I have a friend to thank for that answer, completely turns it around and exempts me from having to deal with the situation. Although, said friend actually had a c-section which is a far easier birth to explain to a child.

I'm all for not telling lies to children; I had a loving mother who wrapped up answers in cotton wool to protect me, all done with the best of intentions. However, it now means that I won't have people lie to The Boy; we just water down how much truth we tell him.

The problem is that (in the same as I still have to go to the toilet before meals) I have learnt behaviour resulting in difficulty answering certain questions. Years of not calling body parts their proper names (it was just a front bottom or a back bottom) and of not being comfortable with my own skin, means that my son doesn't really know what I look like underneath my uniform of black. I've never showered in front of him, although he has seen me in underwear when getting changed.
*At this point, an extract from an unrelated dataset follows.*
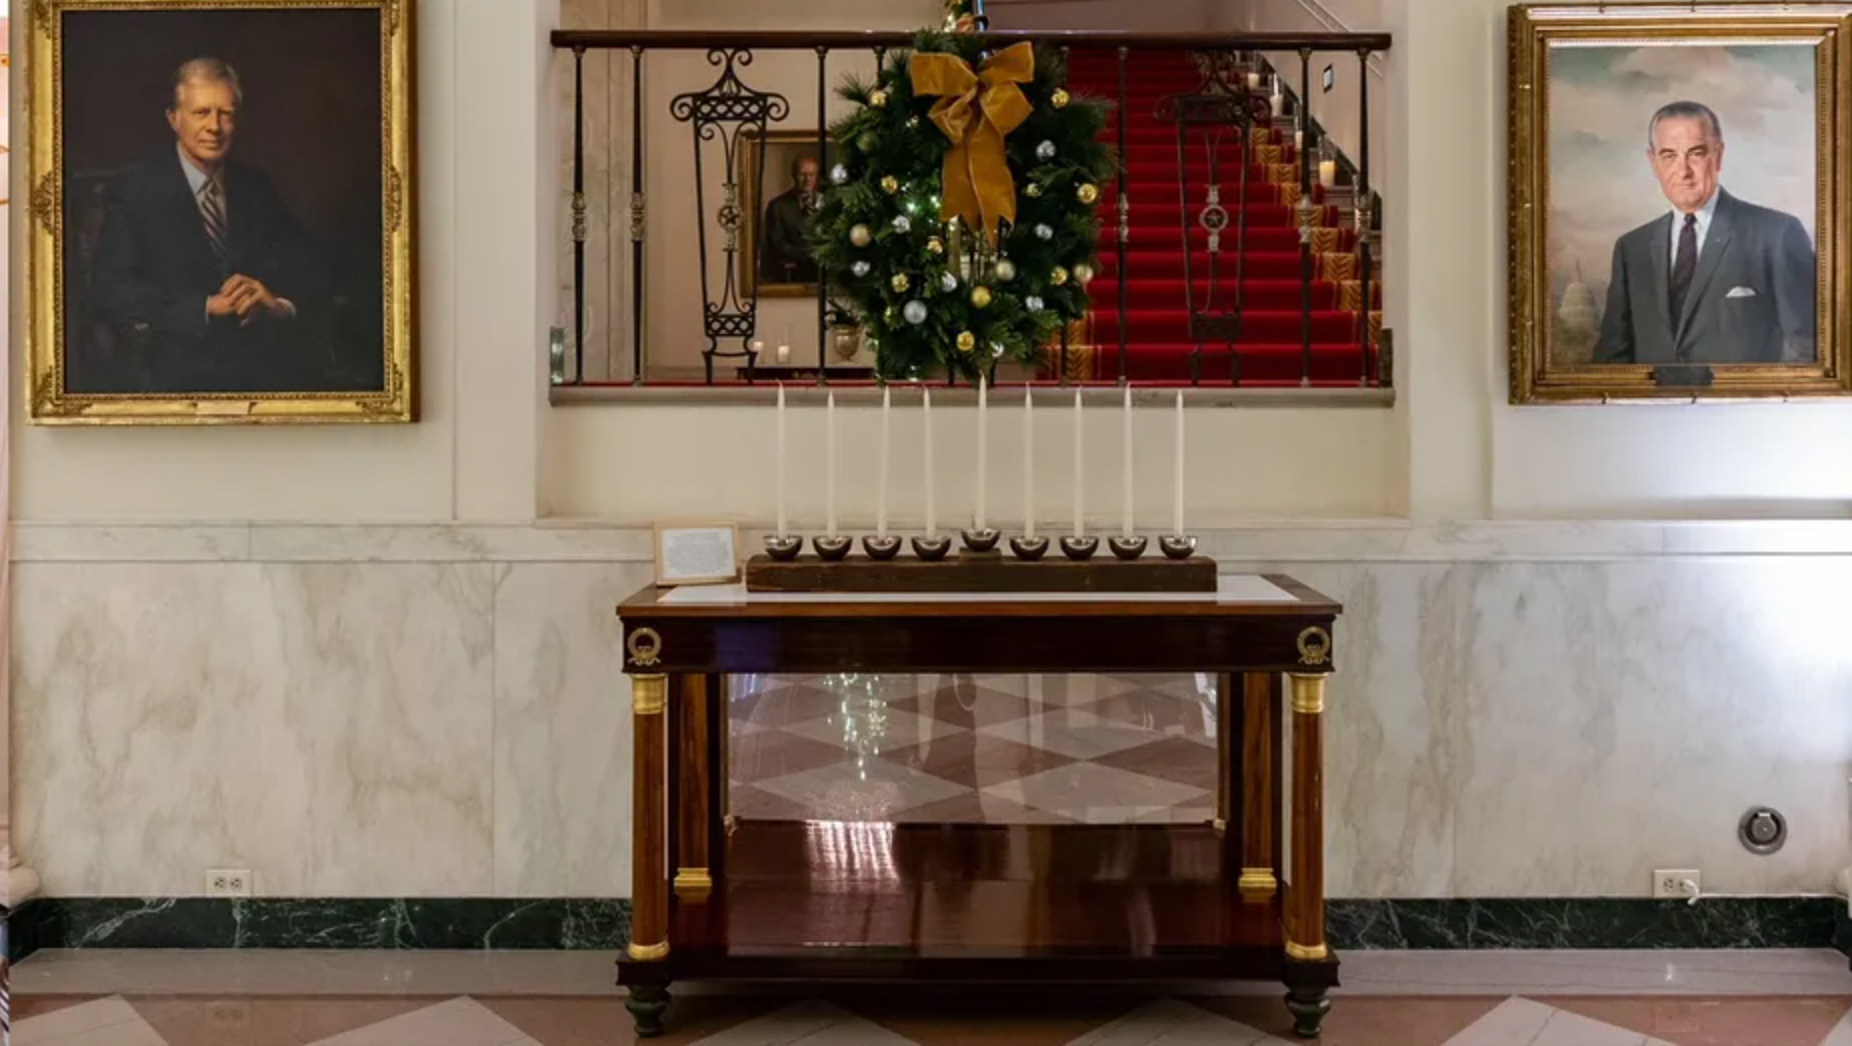 Menorah created by the Executive Residence Carpentry Shop from wood removed from the White House in the 1950s, as featured in the 2022 White House Holiday Decor.

I didn't breastfeed past three weeks and none of my friends have had breastfeeding children since he was under two years old, so he's never seen the female breast in a natural environment. He flobbles me on my cleavage, when he was an older baby he used to tuck one of his hands down my cleavage (in case he forgot where it was, I think), and occasionally he looks down my top to check the unnamed items are still there. I know that I can call them 'breasts' or even 'boobies', but calling them boobies sounds a little Sid James-esque and intrinsically wrong from a three year old boy. Likewise 'breasts' makes him sound like he's about to perform a mammogram.

Hence 'chest'.

But it's the 'how he was birthed' issue which is causing me problems.

As a teacher I know all the theory; only answer enough to satisfy their initial question, then provide a titbit more information each time. When it's your own child, it's a different kettle of fish. DO I present him with the concept of a mysterious orifice which he was squeezed out of? Because I know my son and I know what will come next:

"Can I see it?"

HELP?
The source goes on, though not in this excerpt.